I thought I would give this a go. So I took 4 eggs all laid on the same day, covered one in varnish, one in butter and one in cooking oil, and kept the 4th as a control egg. Then I put them away in an egg box for 4 weeks. Today I opened them all, as well as a freshly laid egg for comparison. You can see the results in the photo – the saucers contain the not very nice oiled egg on the left, and the horrible cloudy varnished egg on the right, which looks like it absorbed the varnish through the shell.
But the 3 at the front look quite similar with nicely rounded yolks and 2 of them have distinctly cohesive whites, all the signs of a nice fresh egg. The best looking one is in the middle – and is in fact the 4 week old buttered egg. The one on the left is actually the fresh one, and the right hand one is the control egg. So you can best preserve your eggs by covering them in butter, or by doing nothing at all. Maybe this isn’t a statistically significant result but it was fun.
It turns out that 19th c hen keeping is not very different from 21st century hobby hen keeping in terms of feeding, housing and health care. We were all following non-intensive practices which produce healthy happy hens. The horrors of modern industrial-scale battery hen farming are a monstrous invention not even dreamed of by the 19th c writers. They all condemned the practice of cooping up hens to fatten them, because the loss of liberty actually made the hens lose condition; and also the practice of cramming, forcing food down their gullets to speed up fattening – a method still used today in the production of pate de foi gras.

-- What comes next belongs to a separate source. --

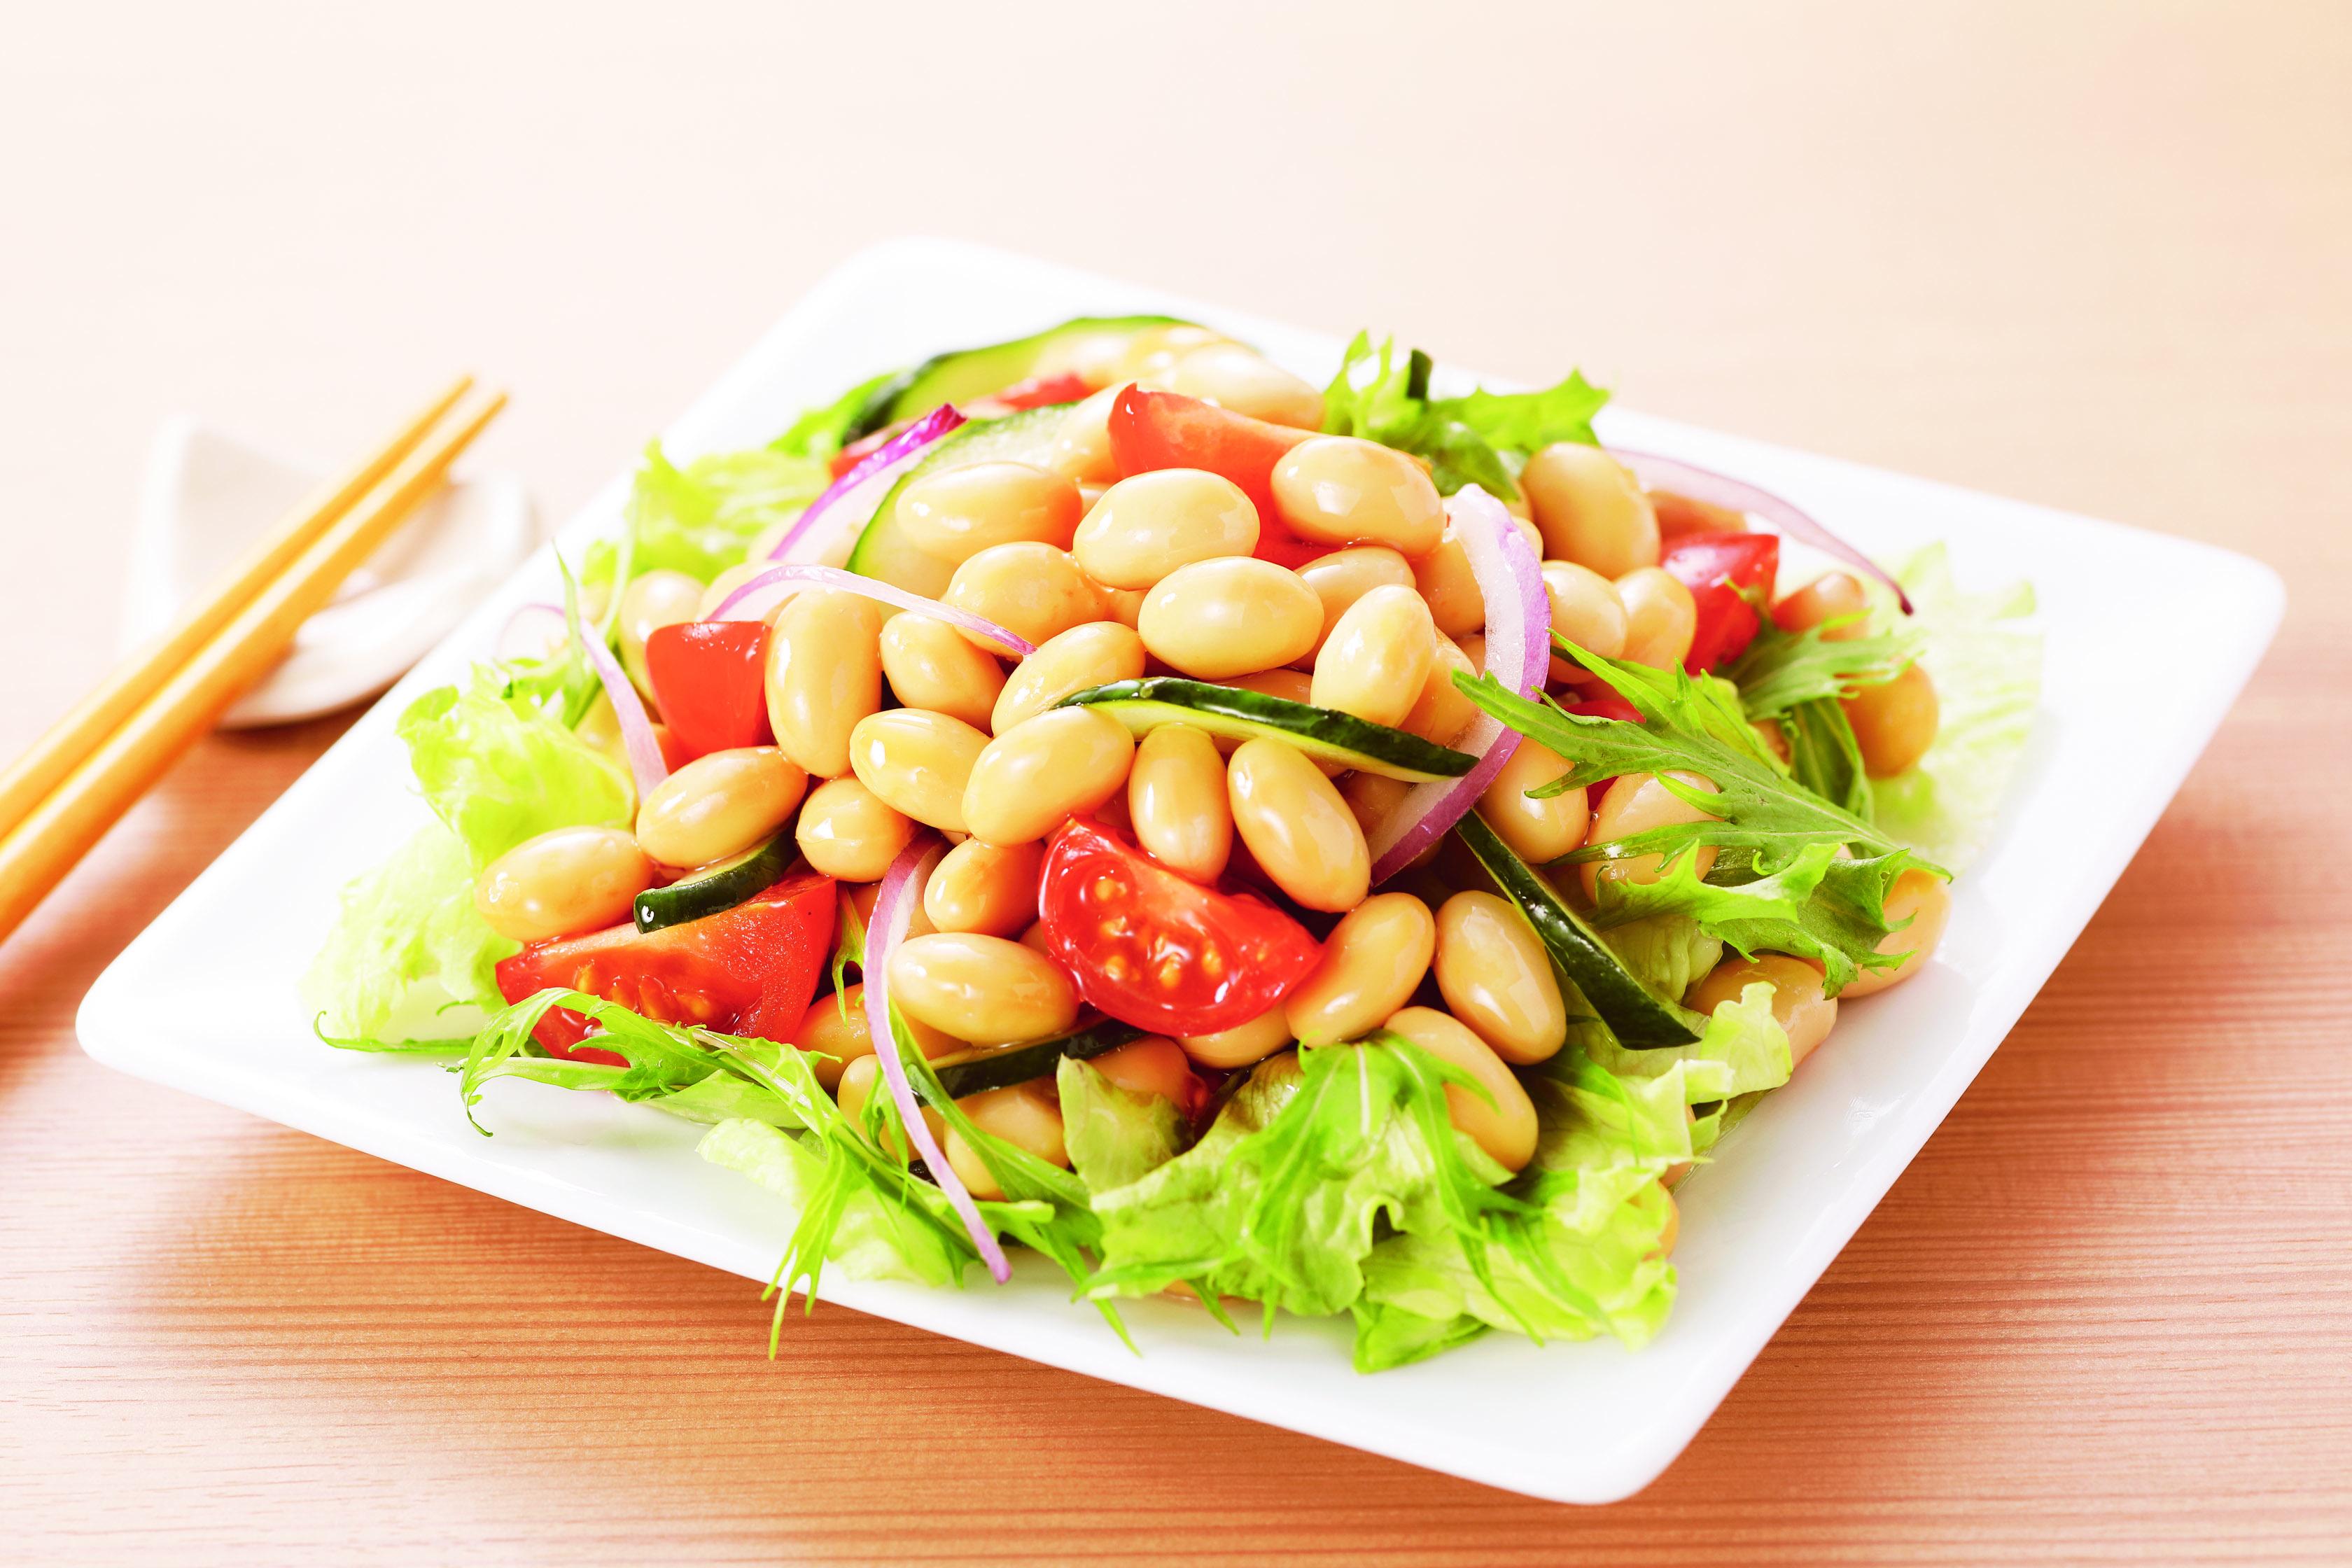 植物性乳酸菌100億個が入った「乳酸菌が入った 蒸し大豆」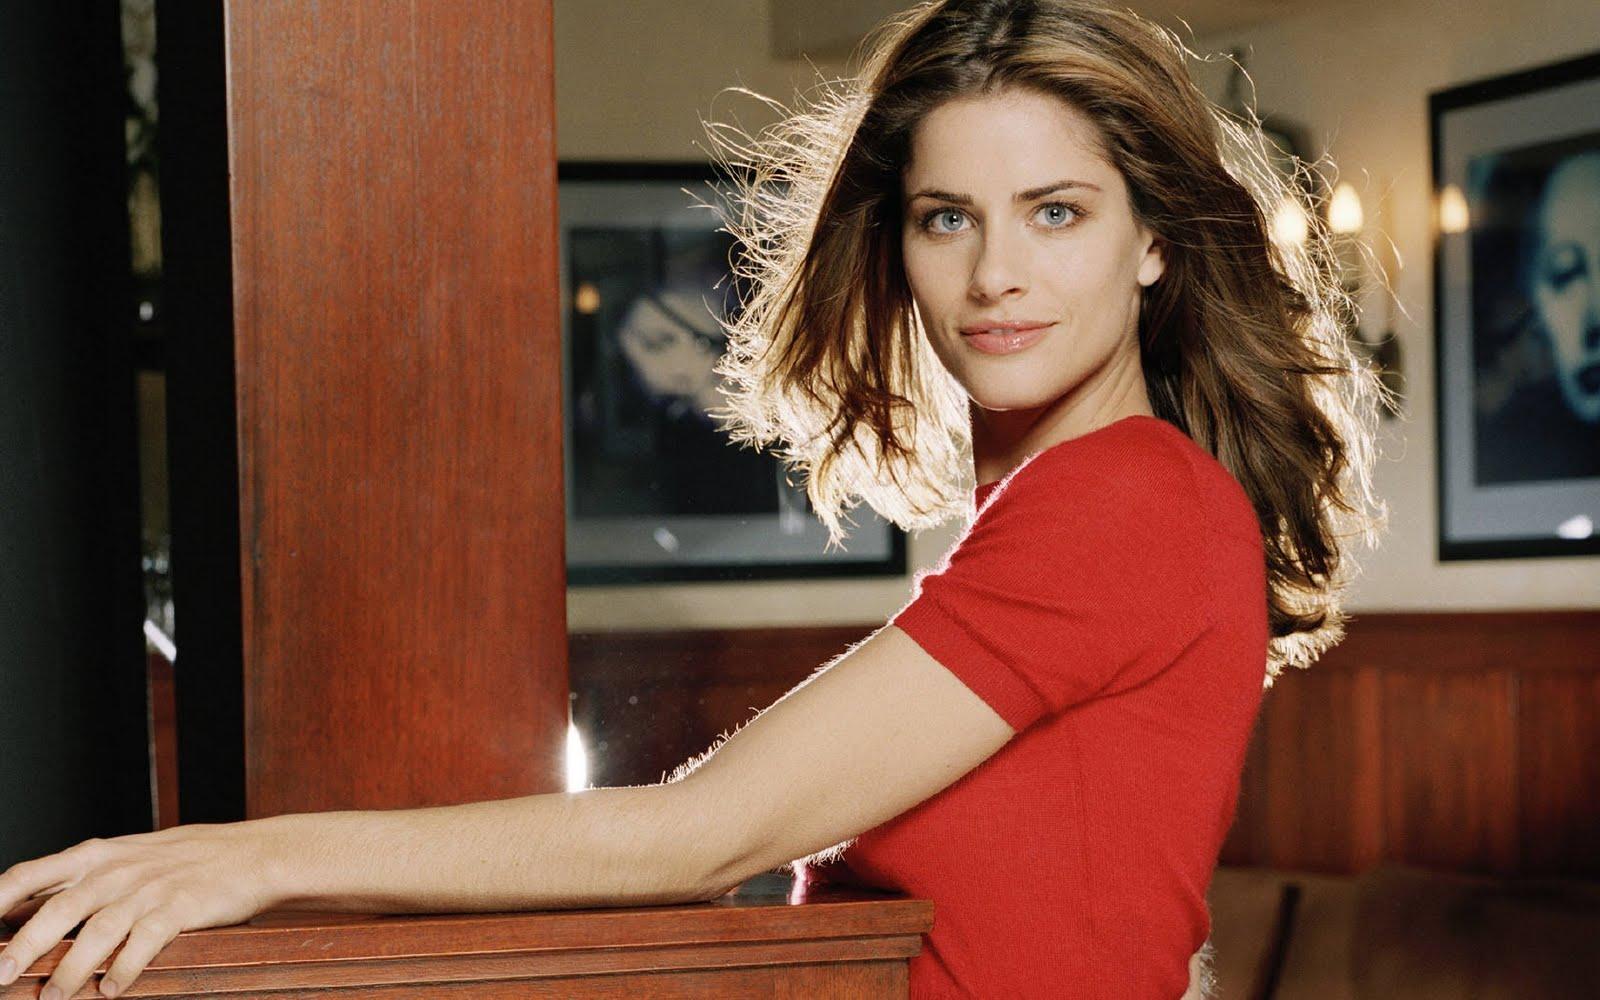 http://2.bp.blogspot.com/-h1Vg3UJTzt4/UHS9aeXQbNI/AAAAAAAAAn8/9dQxR5wVV8w/s1600/amanda-peet-red-shirt-wallpapers_16047_1680x1050.jpg

I am quite sure you would not suffer any creatures under your control to be subjected to such treatment
Loudon p304
My hens at least enjoyed being part of this week’s experiment, and are probably hoping for some more of those artificial worms.
-MS
Libraries and chickens in the same post - heaven!
What Fun. Brings back memories of our hens being fed during the war by coolking up all left overs including potato peelins.
As a small child during WW2, I can recall eggs being preserved in a bucket of some sort of liquid - except that often it did not work well and the eggs went bad anyway. What could that have been?
That was probably isinglass, made from swim-bladders of fish! Still used to preserve eggs into the 1960s.